И наконец, если это действительно важно для вас, можете перед тем, как отправлять вашу рукопись, зарегистрировать авторские права на неё, чтобы в случае, если кто-то захочет её присвоить, было проще доказать в суде, что автор — вы.

----------


## Aion

> Я c этoй тeмoй нe знaкoм пoкa и бecпoкoит то, чтo pyкoпиcь пoпaдёт в чyжиe pyки и ктo-нибyдь пpиcвoит мой тpyд. Kaк быть? Пoдcкaжитe! Cпacибo!

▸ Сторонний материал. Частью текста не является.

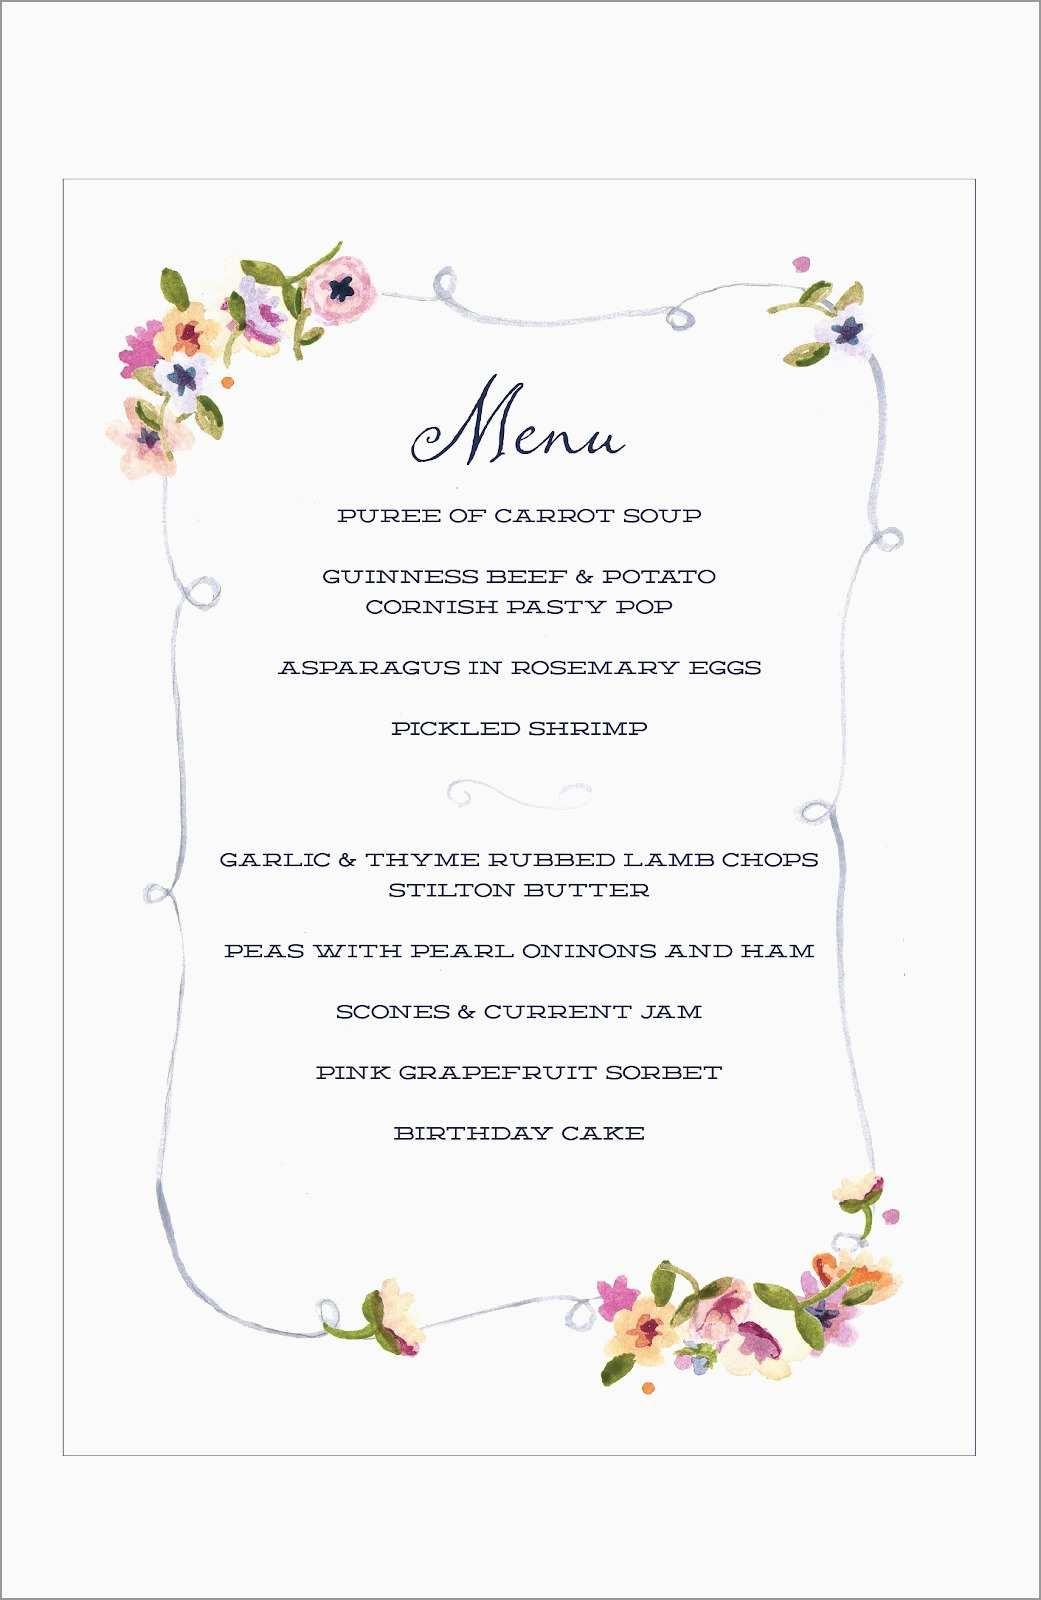 Best Of Free Printable Dinner Party Menu Template | Best Of Template - Free Printable Dinner Party Menu Template

Ну есть такой ресурс: стихи.ру. Опубликованное там автоматически защищается авторским правом. Зарегистрируйтесь и опубликуйте свой роман там.

----------


## Кирилчо

Вам лучше найти хороший файлообменник, через него можете передавать свои рукописи. Все действующие файлообменники, собирают опытные программисты, и все лазейки они тщательно закрывают. Проверить файлообменники можно по параметрам, функциям ну и главное по скорости передаваемых файлов, после этого нужно проверить обратную связь, и если всё работает, то смело можете передавать свои рукописи. Я свои файлы храню и передаю на сайте (fex.net) для меня он удобный и хорошо справляется с большими файлами, в том числе и рукописями. Но есть и другие хорошие файлообменники, вам самим надо выбирать, какой для вас будит удобней.

----------


## Цхултрим Тращи

> Ну есть такой ресурс: стихи.ру. Опубликованное там автоматически защищается авторским правом. Зарегистрируйтесь и опубликуйте свой роман там.

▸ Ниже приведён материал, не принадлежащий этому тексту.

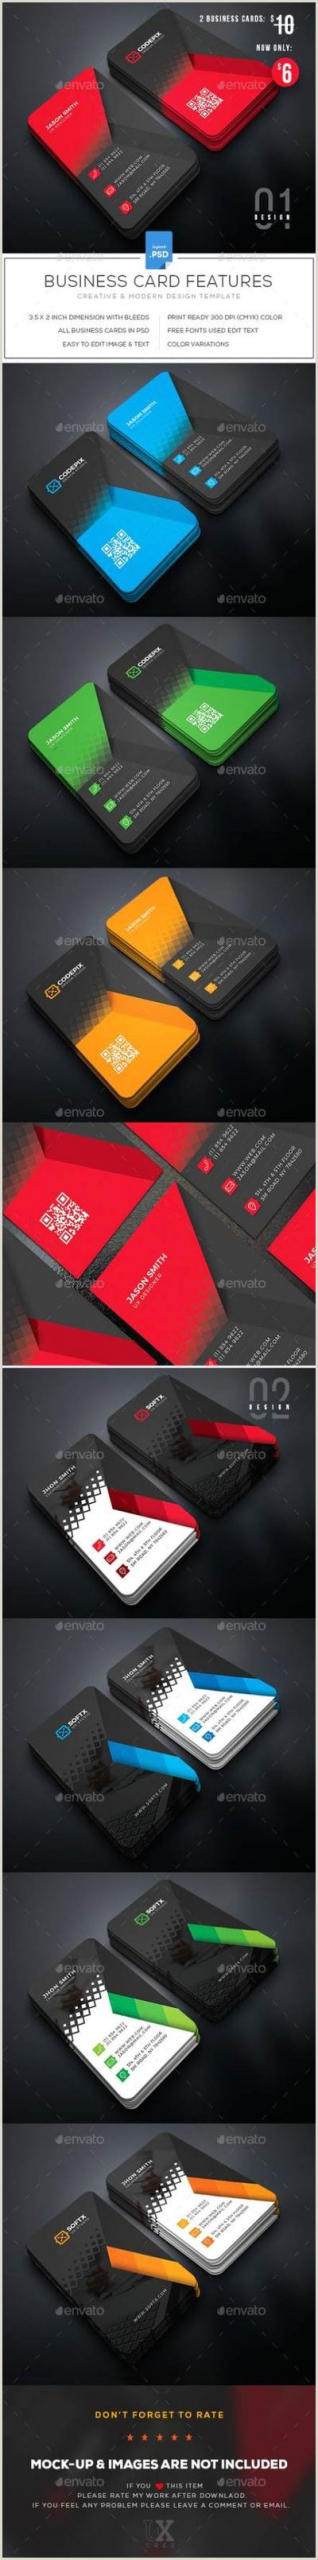 Free Business Card Designs Templates Creative Modern Polygon Business Card

Любое созданное произведение автоматически охраняется авторским правом, сложность представляет доказательство, что текст принадлежит автору, в частности, что опубликованный текст ранее никем не публиковался.

В договоре на сайте Стихи.ру указано лишь, что «Интернет-компания обязуется способствовать соблюдению авторских прав Пользователя» и в то же время «не несет ответственности за возможные убытки и нежелательные последствия, а также упущенную выгоду, понесенные Пользователем в результате пользования услугами Интернет-компании.» Максимум, они могут подтвердить дату публикации произведения на своём сайте и не допускать публикации копий на нём же. Но злоумышленник теоретически может опубликовать произведение задним числом на другом сайте и сфальсифицировать доказательства более ранней публикации.

----------

Владимир Николаевич (06.11.2020)

----------


## sergey

> В том и дело, что по электронной почте никак. Я же написал, что только файлами принимают. По электронной почте-то я знаю как отправлять, но этот вариант отпадает. И знакомый настройщик-компьютерщик, как назло в длительной командировке. Можно было бы позвонить ему, но глухой.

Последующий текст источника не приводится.